Into this volatile mix steps Wounded Bear Mr. Smith, a tribal lawyer whose office is stacked high with what look like parchment scrolls rather than traditional law books. Victor Jory brings a wry, almost ceremonial weight to the role, translating treaty promises into counsel that shapes the tribe’s responses to every new setback. From his side, the legal wall of Indian treaties becomes a guide and a weapon, turning paper into a living argument about sovereignty and survival.
Flap’s path moves from protest to active confrontation as he becomes an unlikely activist. He disrupts a construction crew blasting a highway through Indian land, a controversial project—Interstate 25—that slices through pueblos during the era. He also inadvertently sabotages the crew’s front loader, signaling his willingness to challenge development and the encroachment it represents. Following Wounded Bear’s hints about legal “abandonment” turning property into Indian claim, Flap’s actions escalate in both scale and symbolism, drawing attention to a people’s right to assert ownership of their ancestral space.

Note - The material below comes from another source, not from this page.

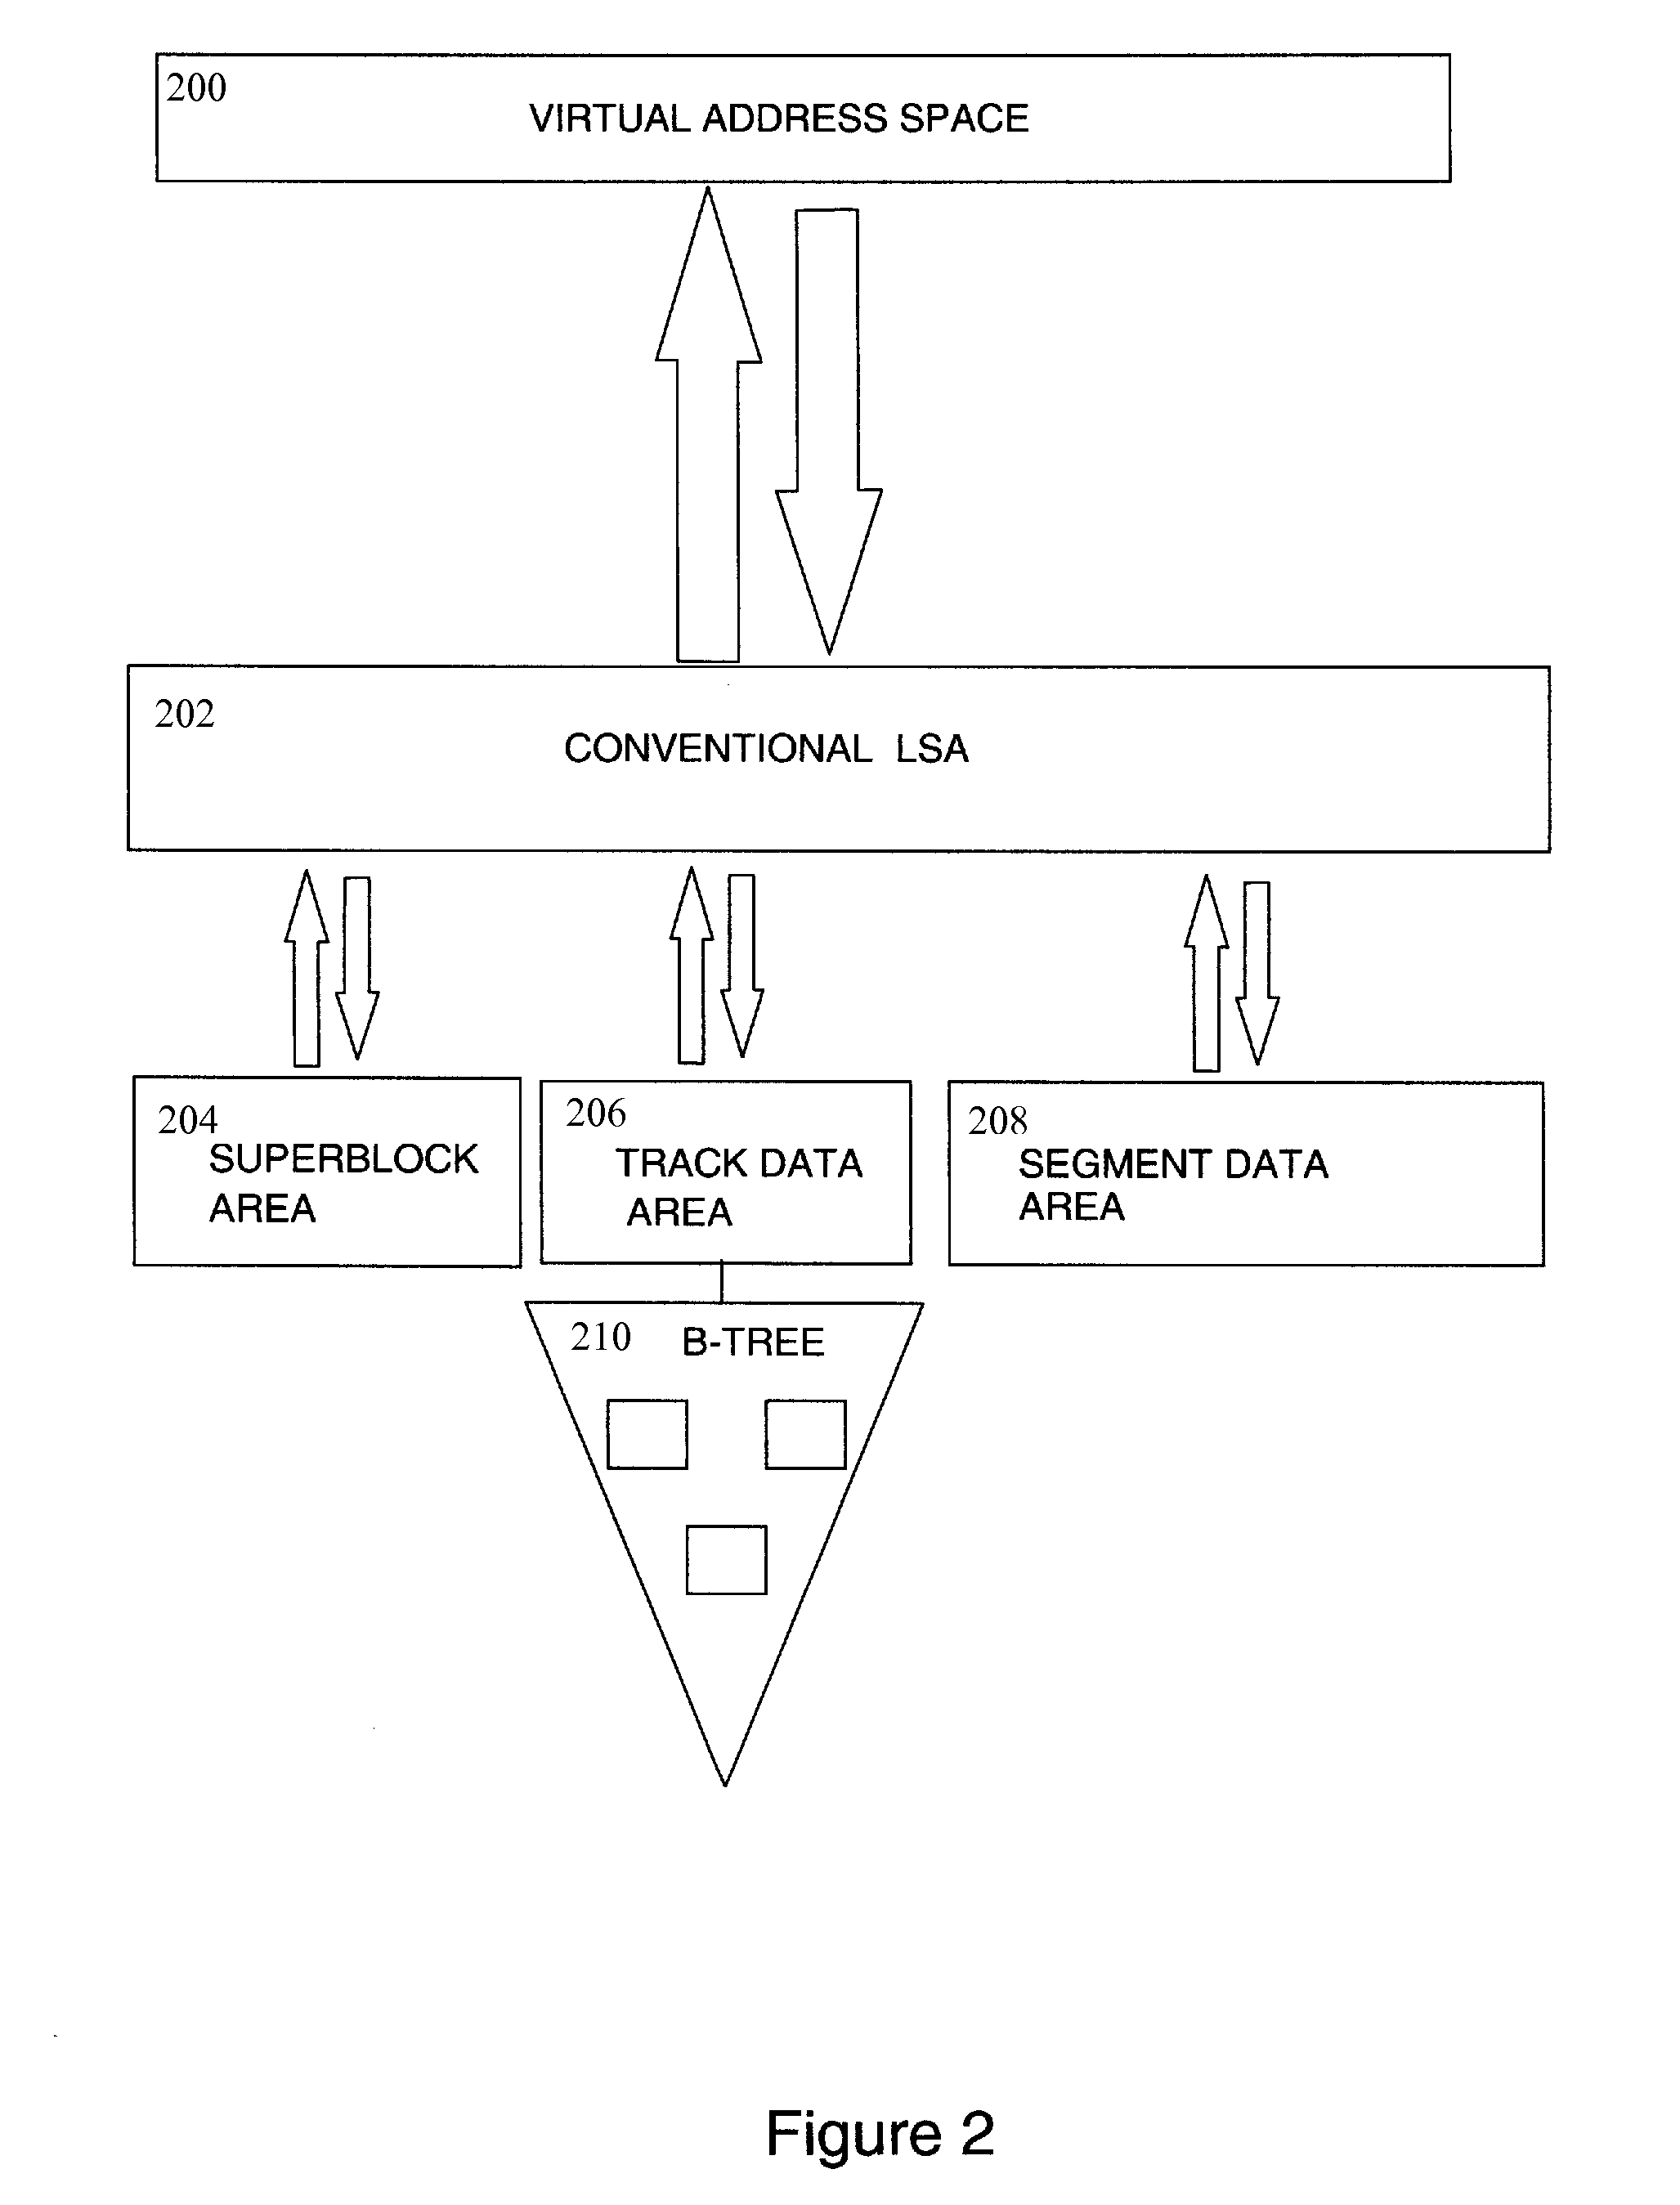 Apparatus and method for managing data storage

The plot thickens as Flap’s acts of defiance transition him from troublemaker to widely watched advocate. A helpfully provocative move—stealing a train, prompted by the belief that the locomotive would legally belong to the tribe once it’s removed from ordinary control—pushes him further into the limelight and deepens the city’s confrontation with tribal claims. The clash becomes a public battle, with Flap’s notoriety matching Rafferty’s resolve, and both sides feeling the weight of law and history pressing in from all directions.
Tensions erupt in a violent, tragic sequence when Rafferty, the target of Flap’s ire, is beaten after a string of provocations and the death of a dog belonging to a lonely elder. Now a fugitive and symbol of indigenous activism, Flap leads a march into the city to advance the tribe’s claims. The culmination comes from a distance of a hospital window, where Rafferty finally ends Flap’s life with a sudden shooter’s aim, leaving the community to reckon with the consequences of protest, authority, and the enduring fight for treaty promises.
What lingers after the action subsides is a portrait of resilience under pressure, where tradition, law, and personal conviction collide in a struggle that questions who gets to tell the story of land, rights, and belonging. The characters’ movements—Flapping Eagle’s impassioned leadership, Dorothy Bluebell’s quiet endurance, Rafferty’s brutal scrutiny, and Wounded Bear’s ceremonial legal map—together outline a world where treaties, memory, and the power of collective voice keep echoing long after the final confrontation.